Las naciones democráticas libran desde hace años una fiera batalla contra los intentos de 57 países islámicos de imponerle a las Naciones Unidas una resolución para convertir en delito de difamación o blasfemia toda referencia o actitud que consideren ofensiva al Islam o a Mahoma. Con ello se pretendía validar las sentencias condenatorias impuestas en muchos países musulmanes contra ciudadanos acusados de difamar a la religión, como fue el caso de la cristiana paquistaní, Asia Bibi, condenada en el 2010 a muerte por ofender al profeta.

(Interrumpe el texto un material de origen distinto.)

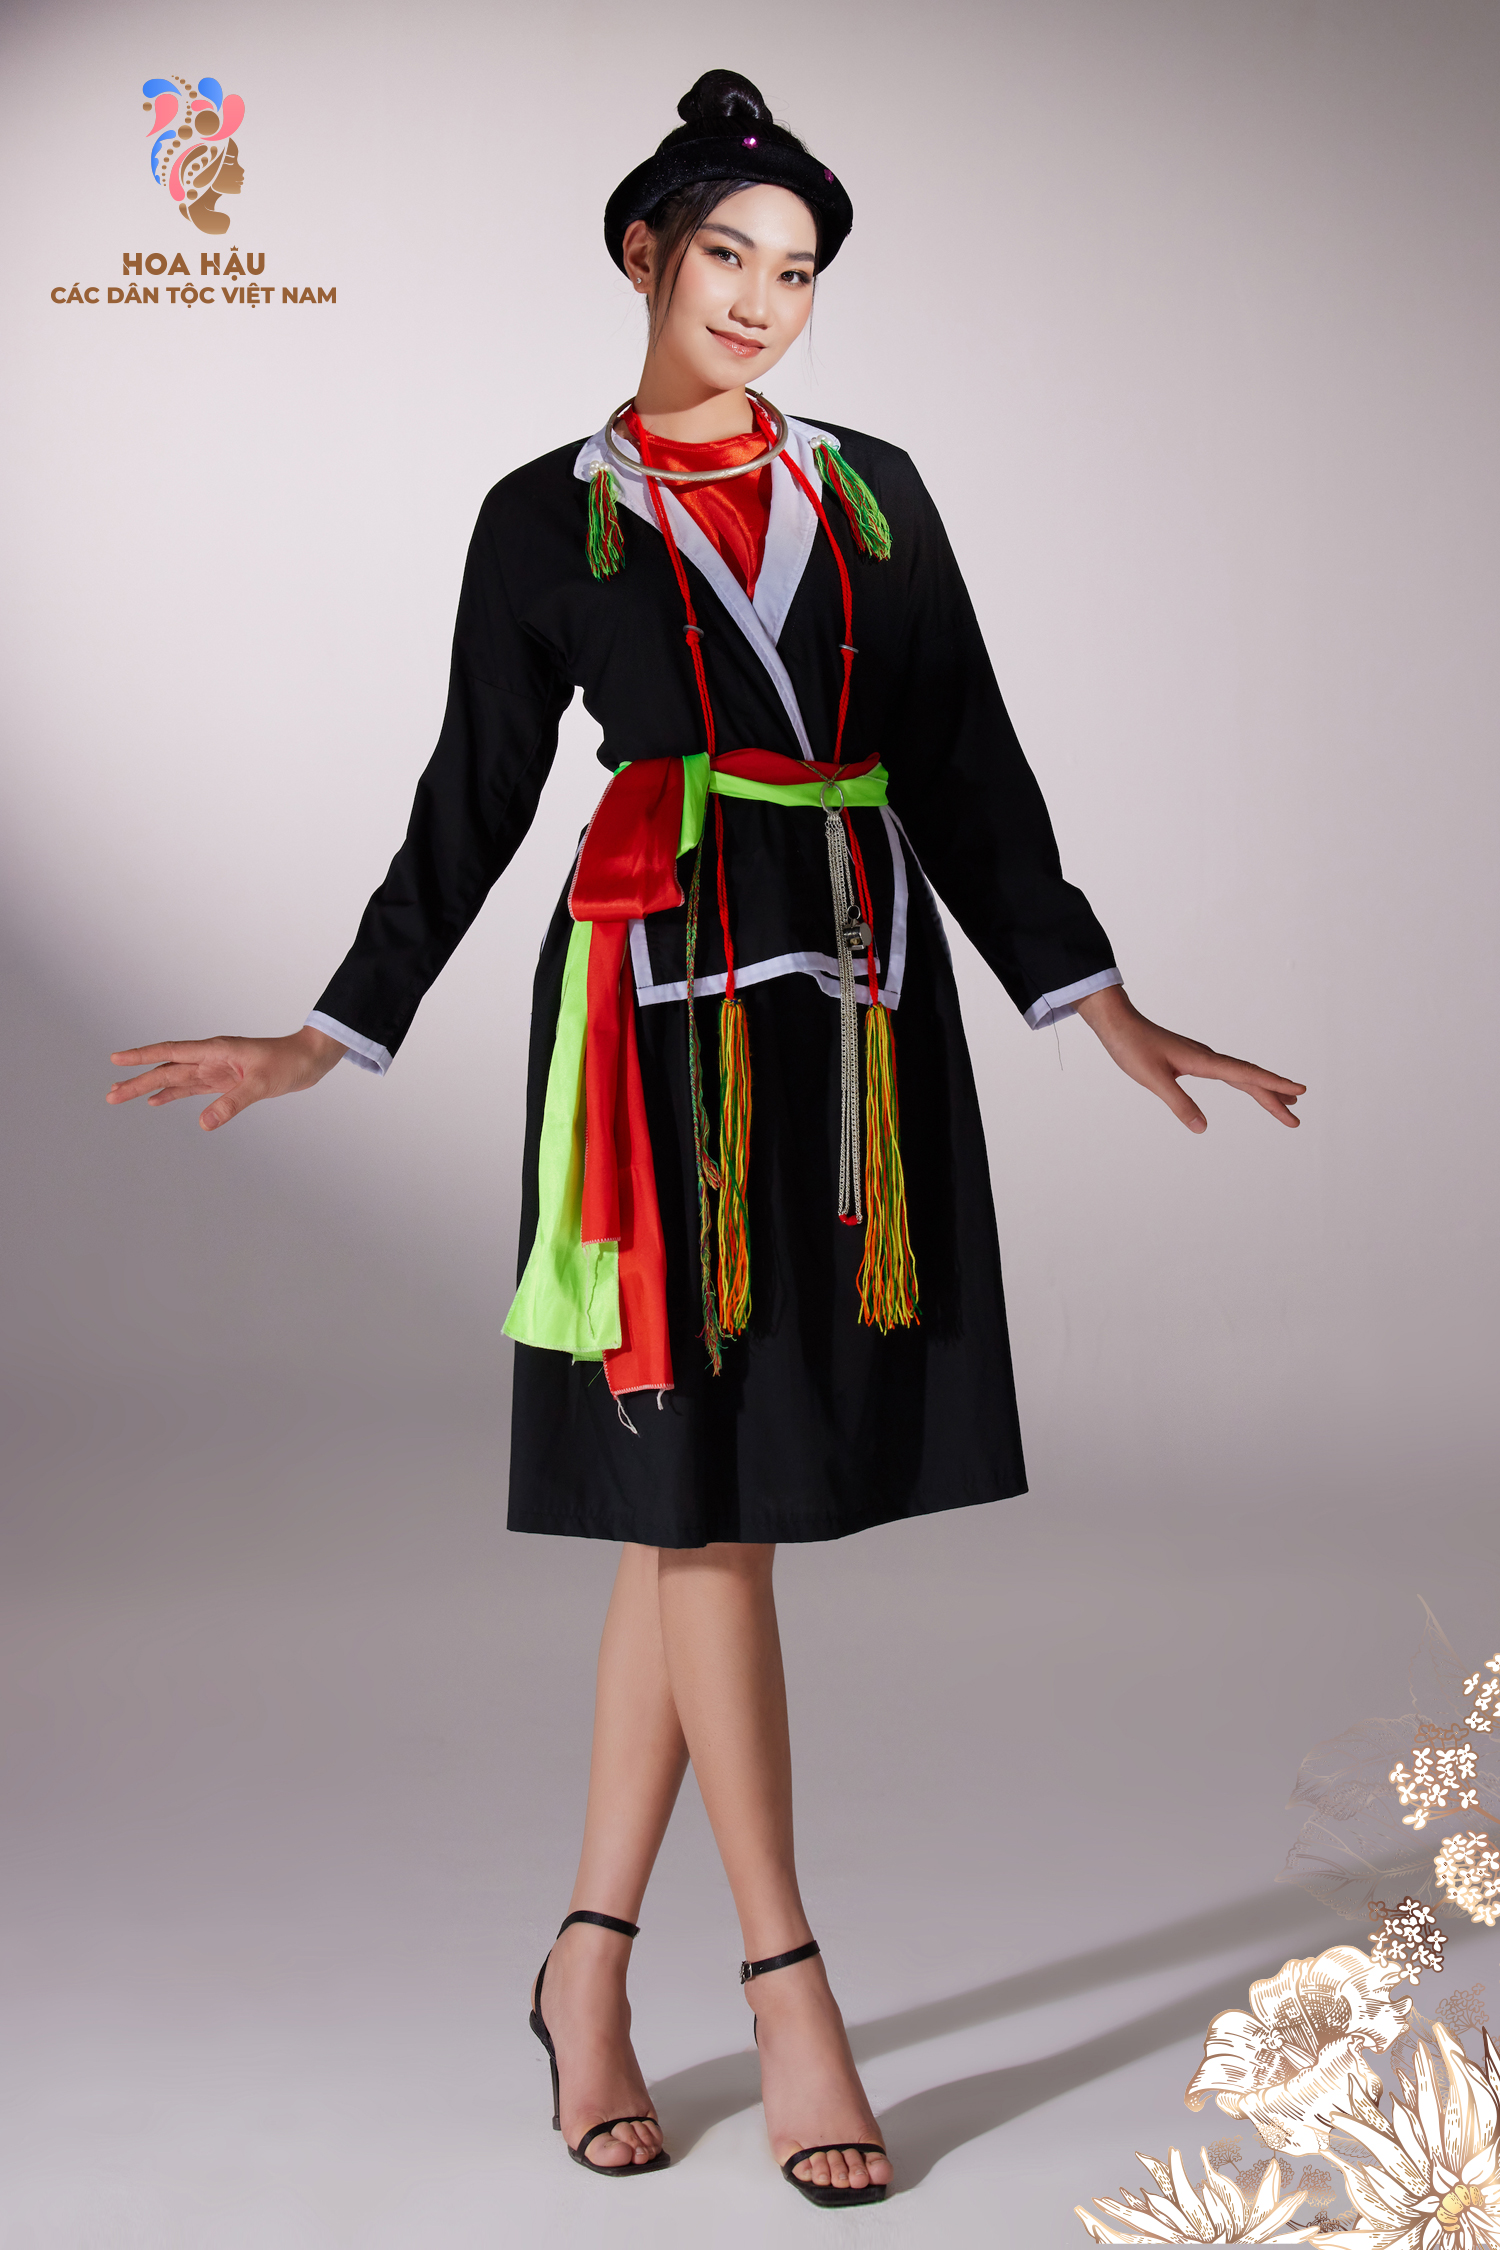 Không chỉ có một, mà đến 11 dân tộc được lồng ghép vào những bộ trang phục đầy sắc màu và đẹp mắt. Hãy cùng chiêm ngưỡng vẻ đẹp độc đáo của từng bộ trang phục, đồng thời khám phá sự đa dạng và phong phú của văn hoá dân tộc Việt Nam.

En aquel año, una mujer iraní estaba condenada a morir flagelada por adulterio, considerado un delito por el Islam, a pesar del repudio internacional y los reclamos de clemencia que los líderes de la Unión Europea, Estados Unidos, Canadá y el papa elevaron al gobierno de Teherán. Se recuerda el suplicio a que fue sometido el escritor inglés de origen indio, Salman Rushdie, condenado años atrás por el líder de la revolución iraní, ayatolá Jomeini, por la novela “Versos satánicos”, en la que se hacen algunas observaciones al Corán. Y las reacciones entonces de extrema violencia en casi todo el mundo musulmán por las viñetas publicadas por un diario danés sobre Mahoma, en una de las muestras más fanáticas e irracionales de intolerancia religiosa de los últimos años a nivel mundial.

La oposición a este intento de la llamada Conferencia Islámica fue enfrentada en el mundo occidental a mediados de la década pasada como una amenaza a la libertad de expresión, fundamento básico de la democracia, esfuerzo al que se unieron numerosas instituciones multilaterales y ONG de naciones en las que la libertad religiosa goza de todas las garantías. Muy recientemente, el mundo ha visto horrorizado otras muestras de esa intolerancia con la matanza de periodistas en Francia y la de otros ciudadanos en Dinamarca, Alemania, Turquía y otros países.